$Trainer.id is the player's full 32-bit trainer ID. The upper 16 bits of this number are the secret ID, and the lower 16 bits are the public ID. Both numbers on their own go between 0 and 65535. The two numbers are stuck together in binary form, like so:
Secret ID:
1010 1010 1010 1010
Public ID:
1100 1100 1100 1100
$Trainer.id:
1010 1010 1010 1010 1100 1100 1100 1100
To get either the secret ID or public ID back from this, we're going to have to fiddle with the number's bits. There are several different ways you can do this.
Code:
def publicID(id=nil)
return id ? id&0xFFFF : (@id&0xFFFF)
end
This is how you get the public ID. What it does is perform a bitwise AND operation on the ID number with the number 0xFFFF (where & is the symbol used for this operator, like how = is the symbol meaning "set to equal" or == means "check if equals"). The number 0xFFFF is a hexadecimal number (you know it's hex because it has 0x at the beginning - 0xFFFF is the number 65535), which in binary is the number
1111 1111 1111 1111. A bitwise AND operation looks at each bit in both numbers in turn, and in the result, makes that bit 1 if the first number's bit is 1 AND the second number's bit is 1 (or 0 otherwise).
$Trainer.id:
1010 1010 1010 1010 1100 1100 1100 1100
0xFFFF:
0000 0000 0000 0000 1111 1111 1111 1111
Result: 0000 0000 0000 0000
1100 1100 1100 1100
There's a bunch of zeroes at the beginning of the result, but just like the number 00042, they can be ignored.
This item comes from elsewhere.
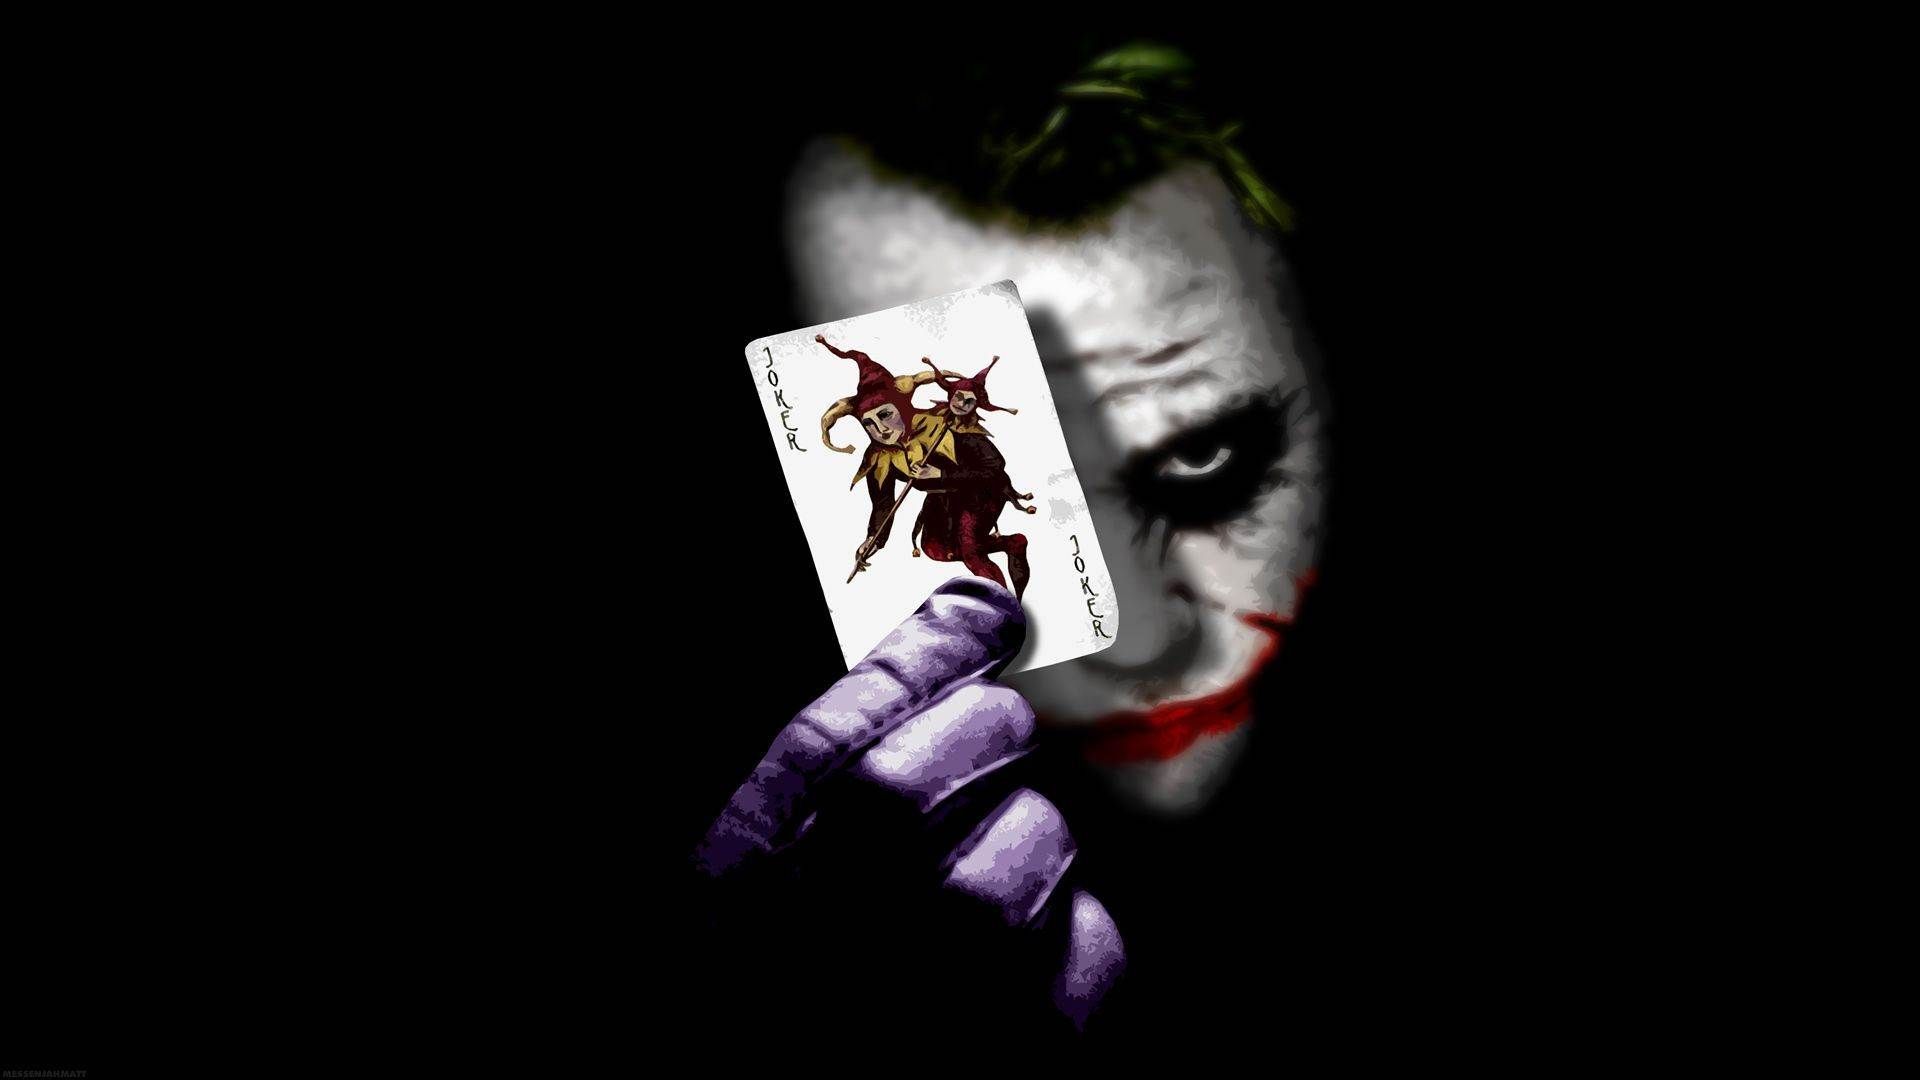 The Joker Wallpaper Free The Joker Background
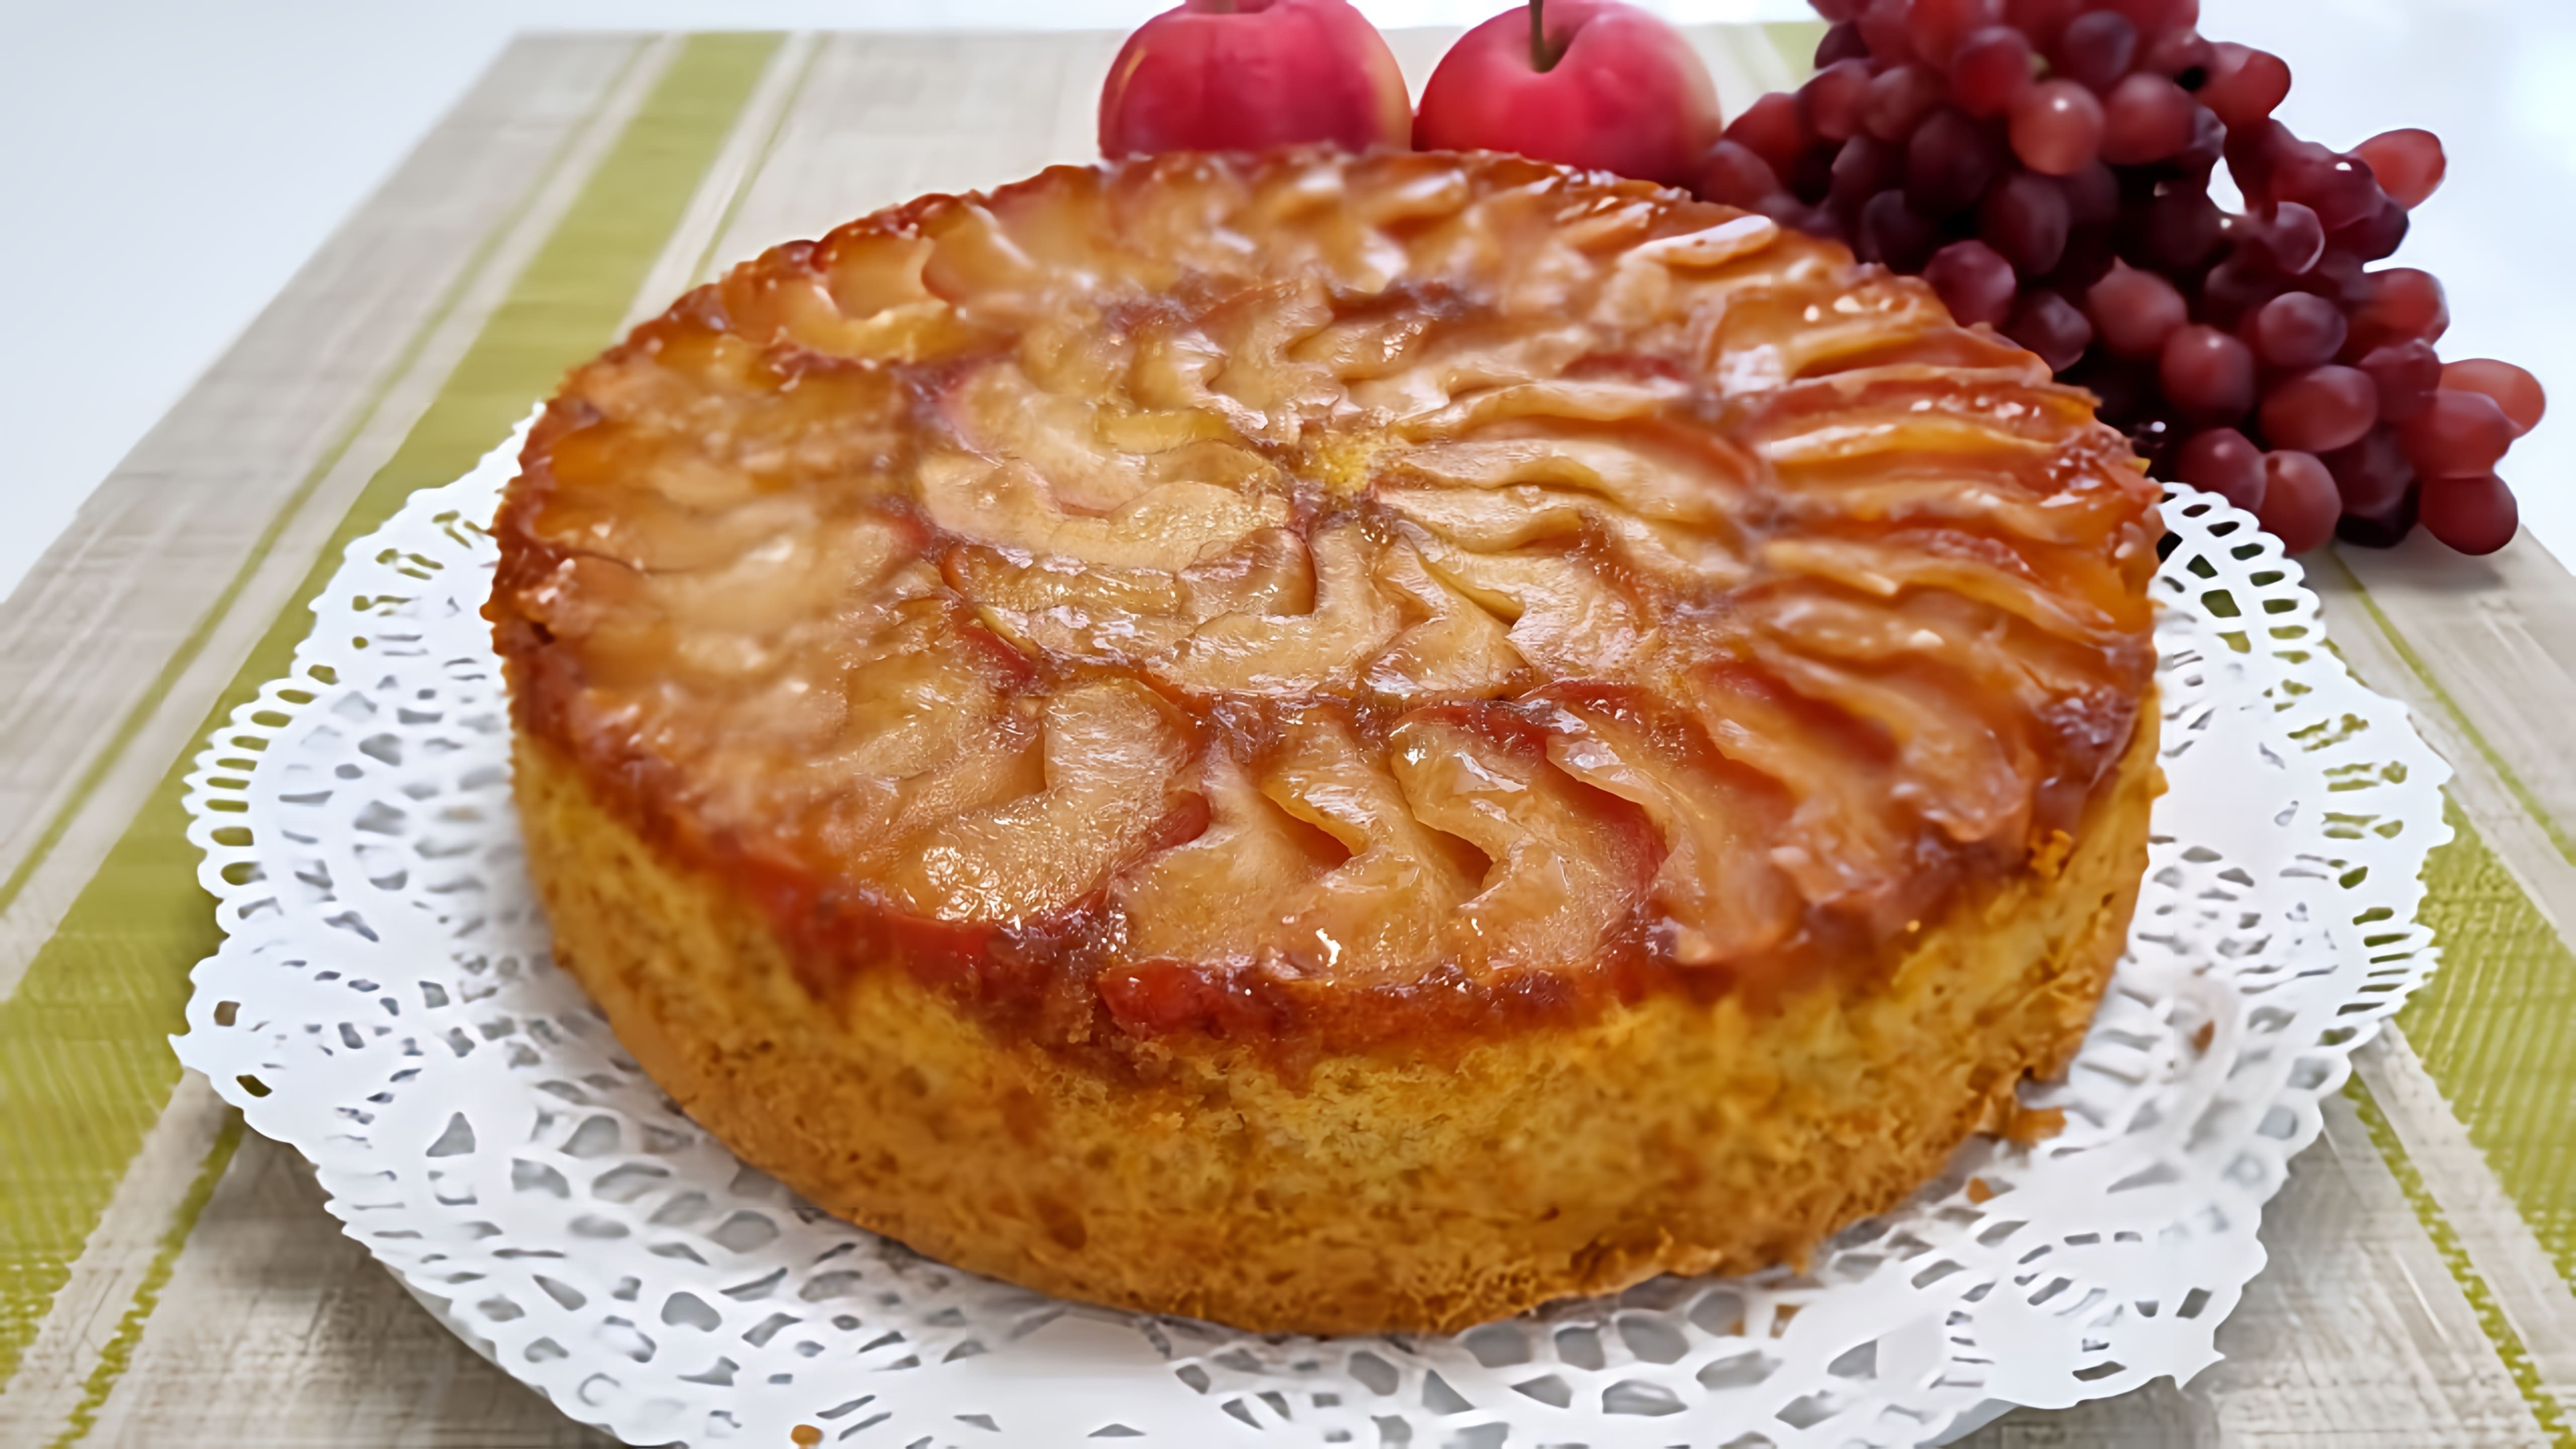 Видео как приготовить классический яблочный десерт "Шарлотта", но с более красивым оформлением и богатым вкусом благодаря добавлению карамелизованных яблок

The result is the public ID (in blue).
The same approach would work if you want to get the secret ID (the red number). Remember that you can stick zeroes in front of a number, so 0xFFFF is the same as 0x0000FFFF. If that got just the second half of the $Trainer.id, and we now want just the first half, how about using 0xFFFF0000 instead?
$Trainer.id:
1010 1010 1010 1010 1100 1100 1100 1100
0xFFFF0000:
1111 1111 1111 1111 0000 0000 0000 0000
Result:
1010 1010 1010 1010 0000 0000 0000 0000
Success! Of sorts. We've gotten rid of the blue number, but we're still left with a bunch of zeroes at the end. 300 is a different number to 3, so we can't just ignore them. How do we get 3 from 300, then? Divide by 100! In this case, we want to divide by the binary number 1 0000 0000 0000 0000 to get rid of those 16 zeroes. In other words, divide by 65536.
Putting all this together, we get this code:
Code:
def secretID
return (@id&0xFFFF0000) / 65536
end
This isn't the most elegant solution, but it'll do what you want. The most elegant solution involves bitwise shifting, but you've already got something that works so there's no point trying to explain something new just for the sake of having some slightly prettier code.
My explanation of binary/hexadecimal numbers and the bitwise AND operator is quite poor, I know.
There's a nice page on Bulbapedia which explains these things too, and even though it's about calculating a Pokémon's gender/nature/ability/shininess from its personal ID, the maths and explanation is still good.